It has been one year since our rainbow
baby toddler was born, and what a year it has been!
In this past year Tobias has grown to be quite an amazing person. He steals our attention, makes us laugh, and fills our hearts with such joy!
He has learned how to walk, which these days is more like a run. He is very observant and will copy what he sees us do. He loves music and will dance whenever he hears a beat. He is funny, and has even mastered his own fake laugh.
This year has been a year I am so grateful for. I am so grateful to God for gifting us with this little man. He fits into our family beautifully – even with his two big brothers who love him to bits!

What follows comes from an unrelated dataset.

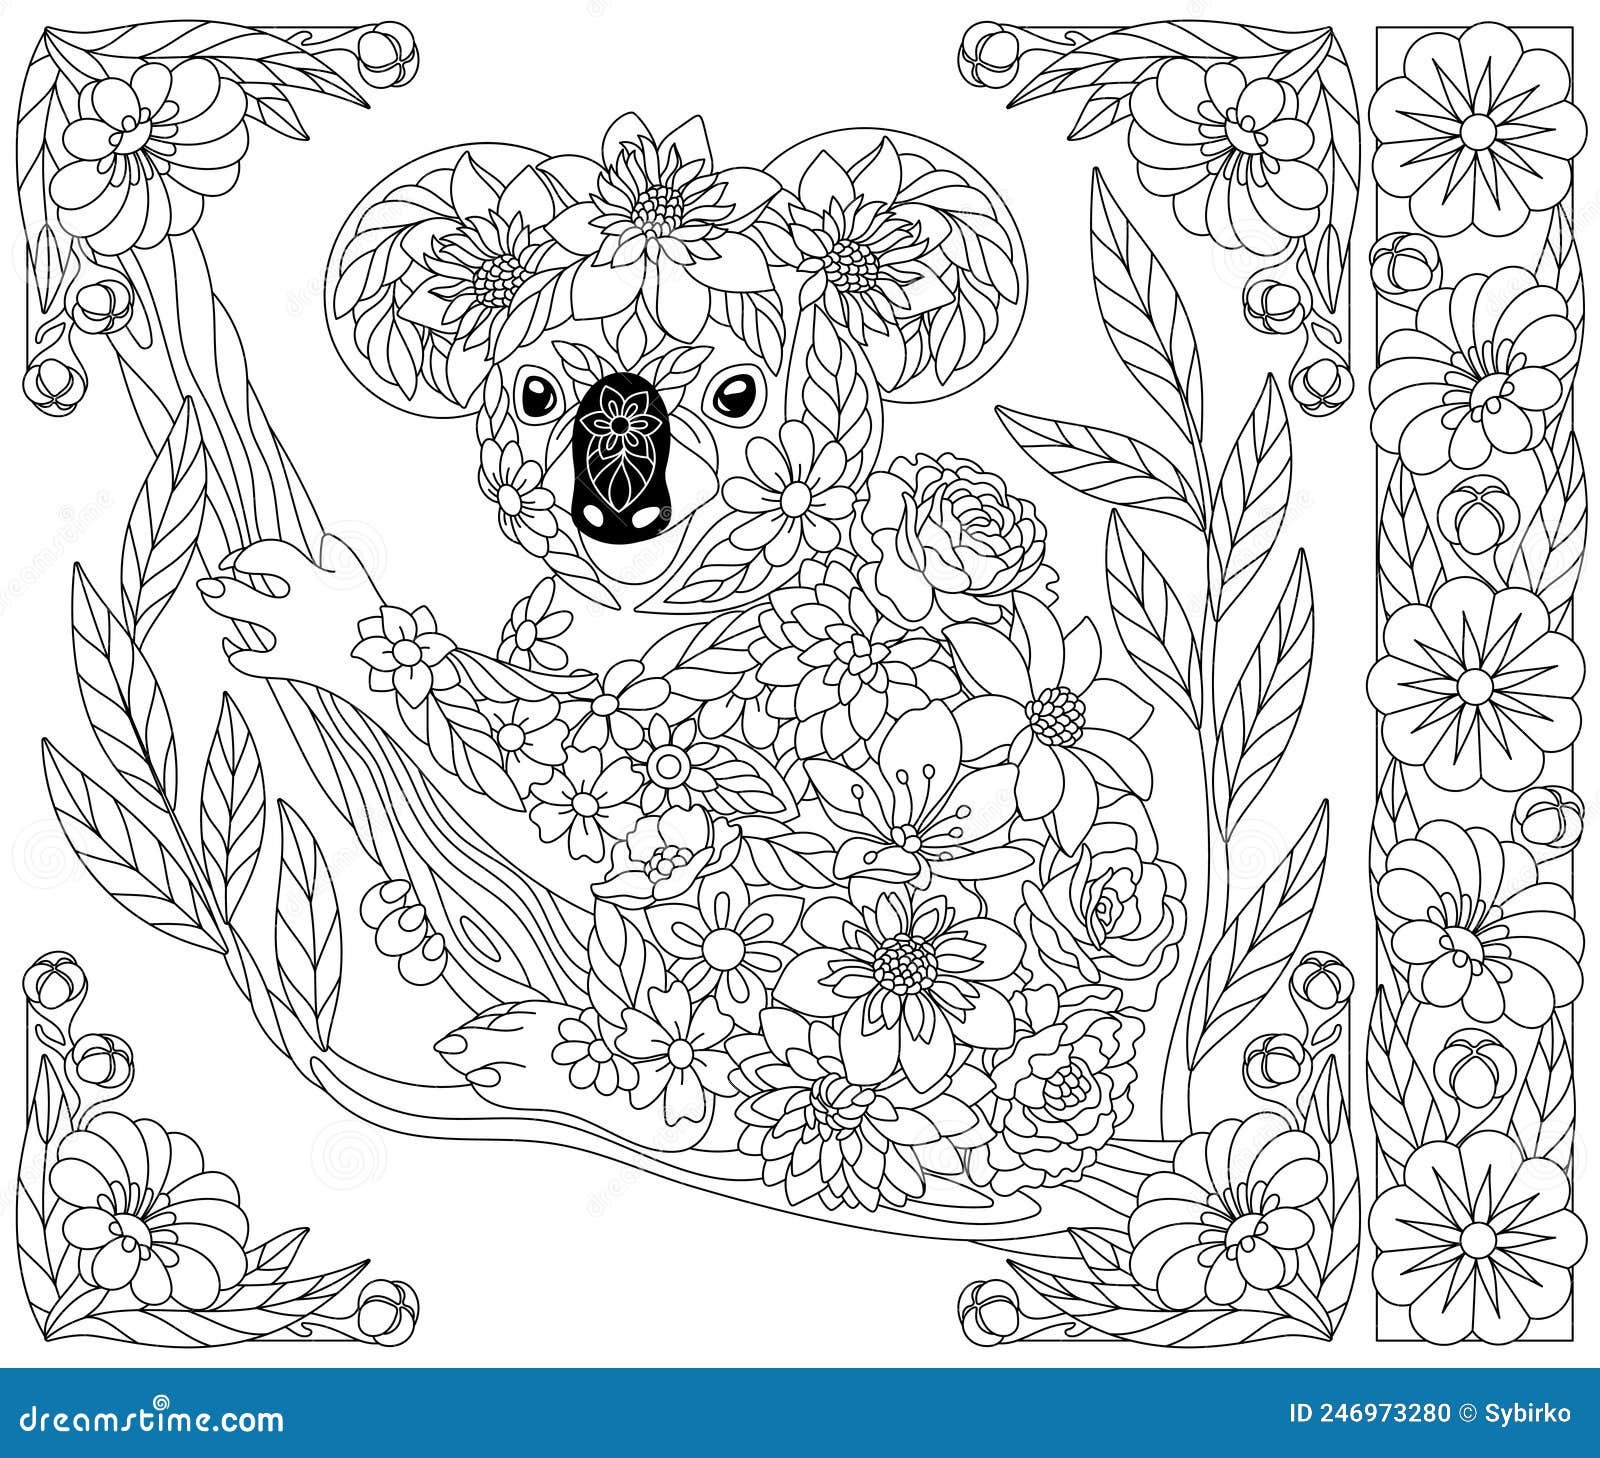 Floral koala bear coloring book page stock vector

Do I think our family is complete? Almost. The baby fever is creeping up on me, and the thought of having another baby fills me with excitement. So yes, our family is full, but I think we can fit one more in 😉
Do I still think of Briela, even though we have an amazing one year old, 4 year old and 6 year old? Everyday. I still miss her and am realizing that I will never not miss her. I will never be without some degree of sadness or longing in my thoughts of her.
I wondered before about the idea of having a hole in my heart for the rest of my life, as some people had told me. I still believe that God is the restorer and fills any voids we may have in our lives, but I think it’s totally normal to have a scar leftover, just like the cesarean scar left on my body where Briela emerged from. It’s a reminder of what was. My body is now healed, but that little scar will always remain.
And the God of all grace, who called you to his eternal glory in Christ, after you have suffered a little while, will himself restore you and make you strong, firm and steadfast.
1 Peter 5:10
So… Happy First Birthday to my dear, wonderful Tobias.
Your name means goodness of God, and this past year has been a testament to that with you in it!